Since the introduction of LLMs, there has been a feeling among some communities in both NLP and cognitive science that a systematic understanding of how these models work and how they use the knowledge they encode could help to shed light on the way humans acquire, represent, and process this same knowledge (Dupoux 2018; Cichy and Kaiser 2019; Caucheteux and King 2022; Goldstein et al. 2022). Conversely, findings from the areas of psycholinguistics and cognitive science have already inspired language model development, since these models are expected to exhibit human-like behavior in language use. For instance, datasets developed in—or inspired by—the field of cognitive science, including eye tracking and brain imaging datasets, have been used to evaluate models’ behavior and to provide additional training signal (Ettinger 2020; Dunbar et al. 2017; Binz and Schulz 2023; Bingel, Barrett, and Søgaard 2016; Hollenstein et al. 2021).

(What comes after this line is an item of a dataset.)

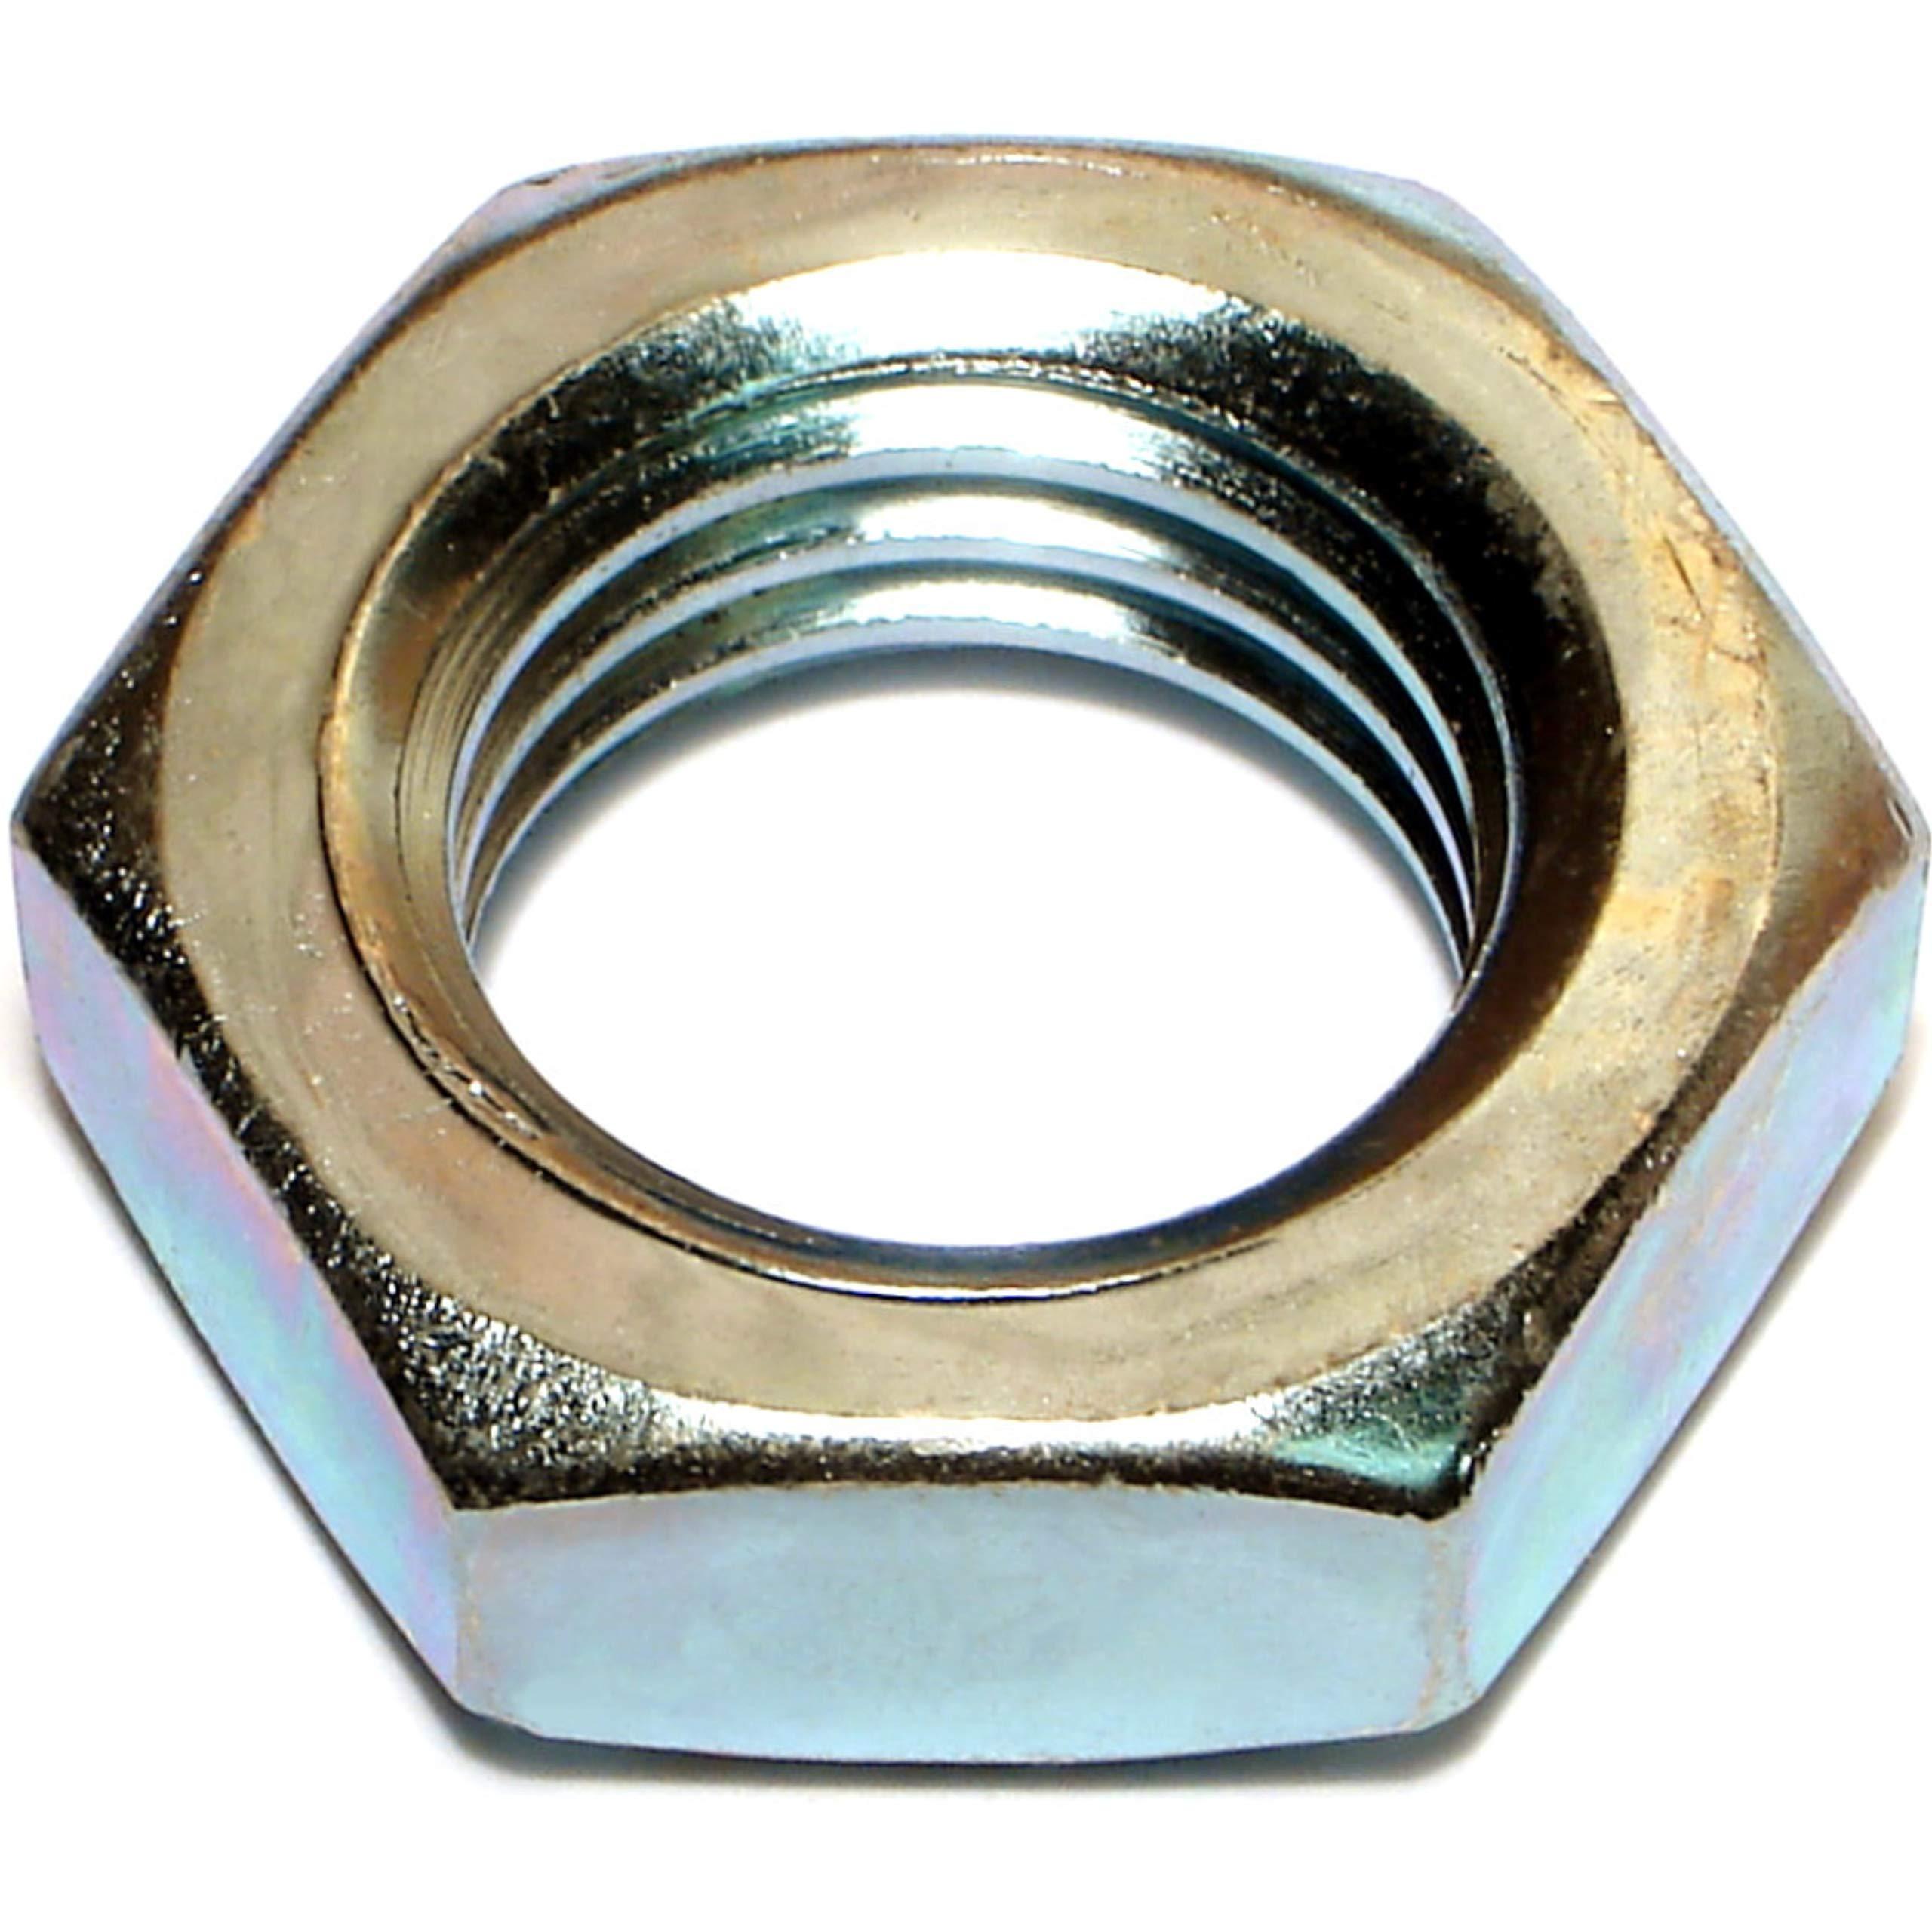 Hard-to-Find Fastener 014973382896 Coarse Hex Jam Nuts, 1-8, Piece-10
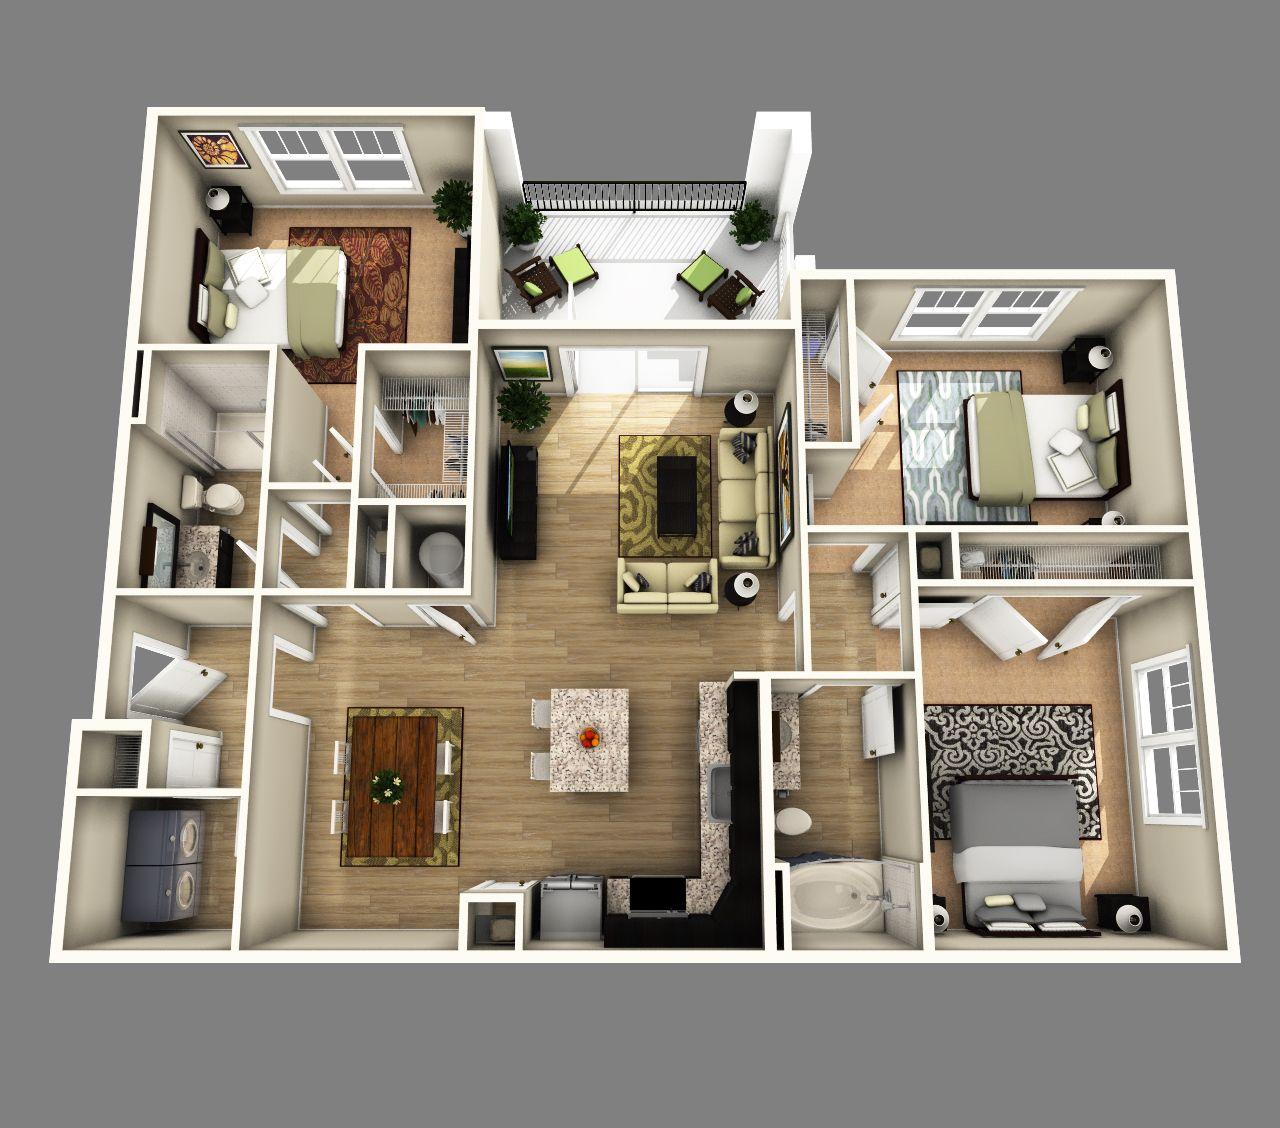 3 Bedrooms Apartments Apartment Floor Plans 3d House Plans Bedroom House Plans

Yet, there are also unmistakable differences between machines and humans, which put the direct translation of insights into question. Chief among them is the difference in learning mechanisms, as a consequence of which the size of data required to train LLMs far exceeds—by orders of magnitude—what humans need to acquire sophisticated conceptual structures and meanings (Frank 2023; Warstadt et al. 2023). Furthermore, human language is inherently grounded and multi-modal. In particular, children acquire world knowledge not only via exposure to language, but also via sensory experience and social interaction (Clark 2003; Tomasello 2009; Vigliocco, Perniss, and Vinson 2014). While some LLMs do learn from modalities other than text or speech, the degree to which this learning mirrors that of humans is far from obvious.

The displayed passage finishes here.